Nurse practitioners and physician assistants are now able to obtain a Drug Enforcement Administration waiver that will allow them to prescribe OUD, thanks to the Comprehensive Addiction and Recovery Act of 2016.
BONITA SPRINGS, FLA. – Clinician shortages and alarming opioid overdose rates are prompting rural health care centers to turn to telemedicine for delivering treatments for opioid use disorder (OUD). Several studies suggest that these treatments are being delivered effectively, experts said at the annual meeting of the American Academy of Addiction Psychiatry.
In both Maryland and West Virginia, for example, success using a telehealth approach has been reported recently, said David Moore, MD, PhD, assistant professor of psychiatry at Yale University, New Haven, Conn.
Specifically, in rural Maryland, physicians used telemedicine to provide buprenorphine treatment for OUD at a treatment center in August 2015. Researchers at the University of Maryland, Baltimore, looked at the first 177 of the patients treated with the approach. They found that retention in treatment was 91% at 1 month and 57% at 3 months. Of patients still in treatment at 3 months, 86% had urine that was opioid negative, researchers said (Am J Addict. 2018 Dec;27[8]:612-17).
And in West Virginia, researchers reviewed the records of 100 patients receiving buprenorphine treatment to compare outcomes of those treated with telemedicine and those treated face-to-face. They found no significant differences between the groups in additional substance use, time to achieve 30 days and 90 days of abstinence, or retention rates at 3 months and 1 year (J Addict Med. 2017 Mar-Apr;11[2]:138-44).
In addition, Dr. Moore said, he has had success with home inductions in the northern reaches of Maine. His first home induction involved a 55-year-old veteran with a history of oxycodone and hydrocodone use who used illicit buprenorphine when he could. Dr. Moore said the man was referred to him on a Monday. He called in a prescription for the drug the next day and gave the patient a handout on how to do a home induction. “Then he had a phone check-in, and we followed up on Thursday. It actually worked really well,” Dr. Moore said.
The dearth of buprenorphine providers in northern Maine makes those kinds of arrangements attractive, he said. In Maine’s Piscataquis County, he said, there is one buprenorphine provider for every 2,000 square miles. “We have about 1 in every 5 square miles in New Haven,” he said. “Thinking about the distance you have to travel, it gets to be pretty daunting.”
The ability of clinicians to provide buprenorphine with telemedicine varies by state. Among the resources needed to provide telemedicine services are reliable Internet access and an ability for a patient to consent to the treatment.

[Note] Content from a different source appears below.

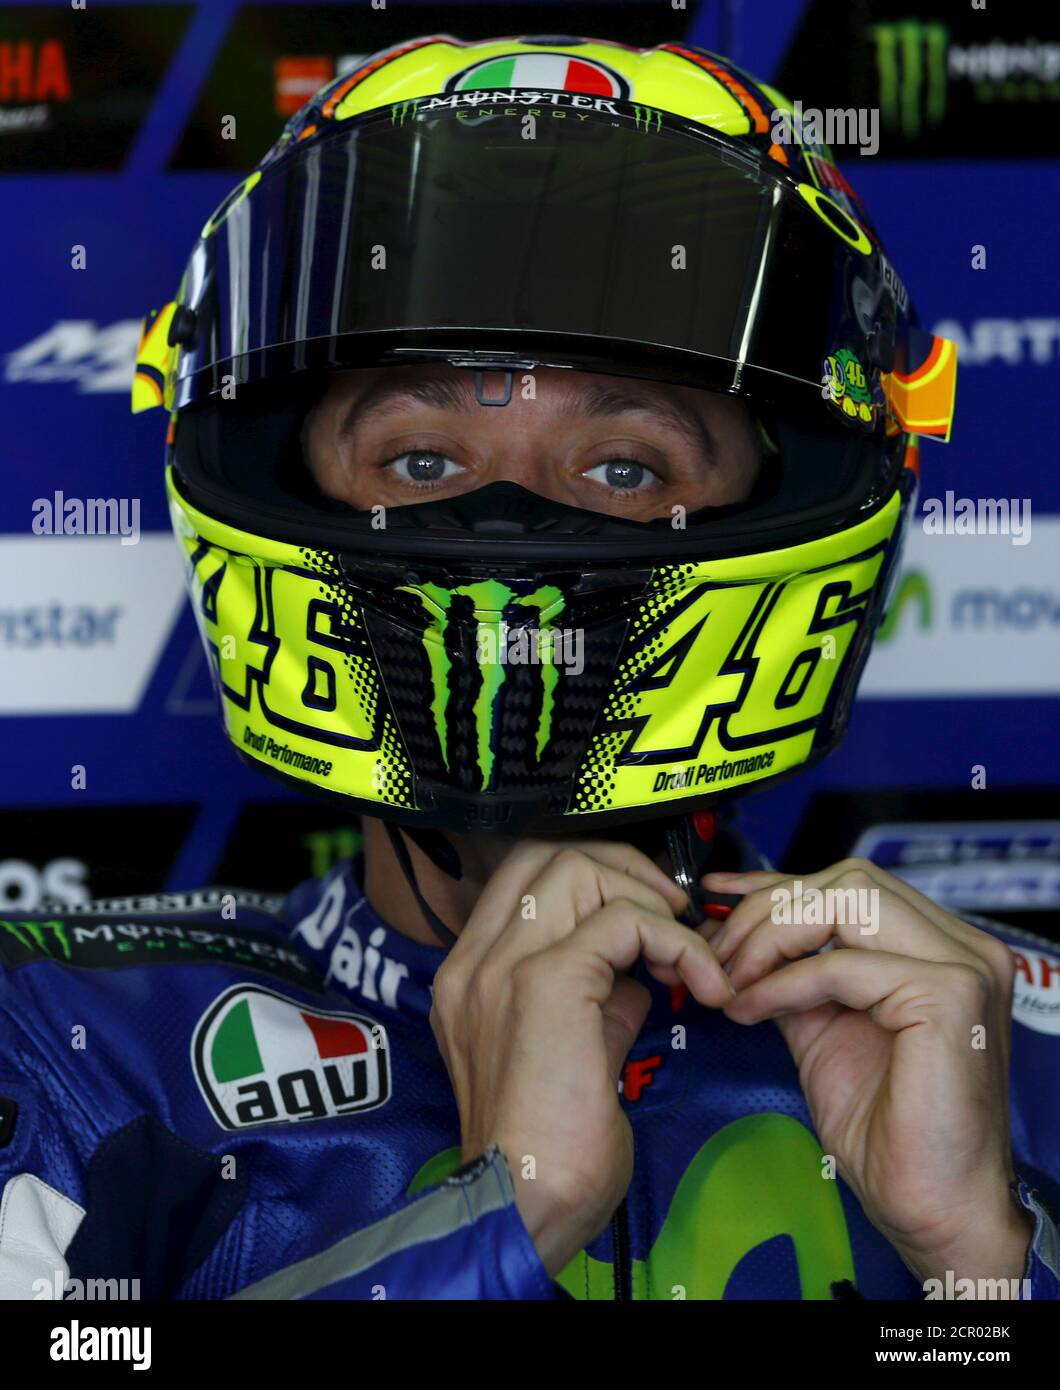 Dekan grænse Nyttig Yamaha MotoGP rider Valentino Rossi of Italy puts his helmet on in his box  before the start the first free practice session of the Aragon Motorcycling  Grand Prix at Motorland race track

Nationwide, 56.3% of rural counties have no buprenorphine provider, according to a recent study, said Lewei (Allison) Lin, MD, assistant professor of psychiatry at the University of Michigan, Ann Arbor. A survey of 1,100 rural providers, results of which were included in that study, found that 48% of them said concerns about substance diversion or misuse were a barrier to providing buprenorphine, and 44% cited a lack of mental health or psychosocial support services.
“Although this country still has a major issue with access to treatment, we see that the access problem is about double in rural areas,” she said. “If you add on the distance issue and time, this becomes an even greater challenge.”
Nurse practitioners and physician assistants are now able to obtain a Drug Enforcement Administration waiver that will allow them to prescribe OUD, thanks to the Comprehensive Addiction and Recovery Act of 2016.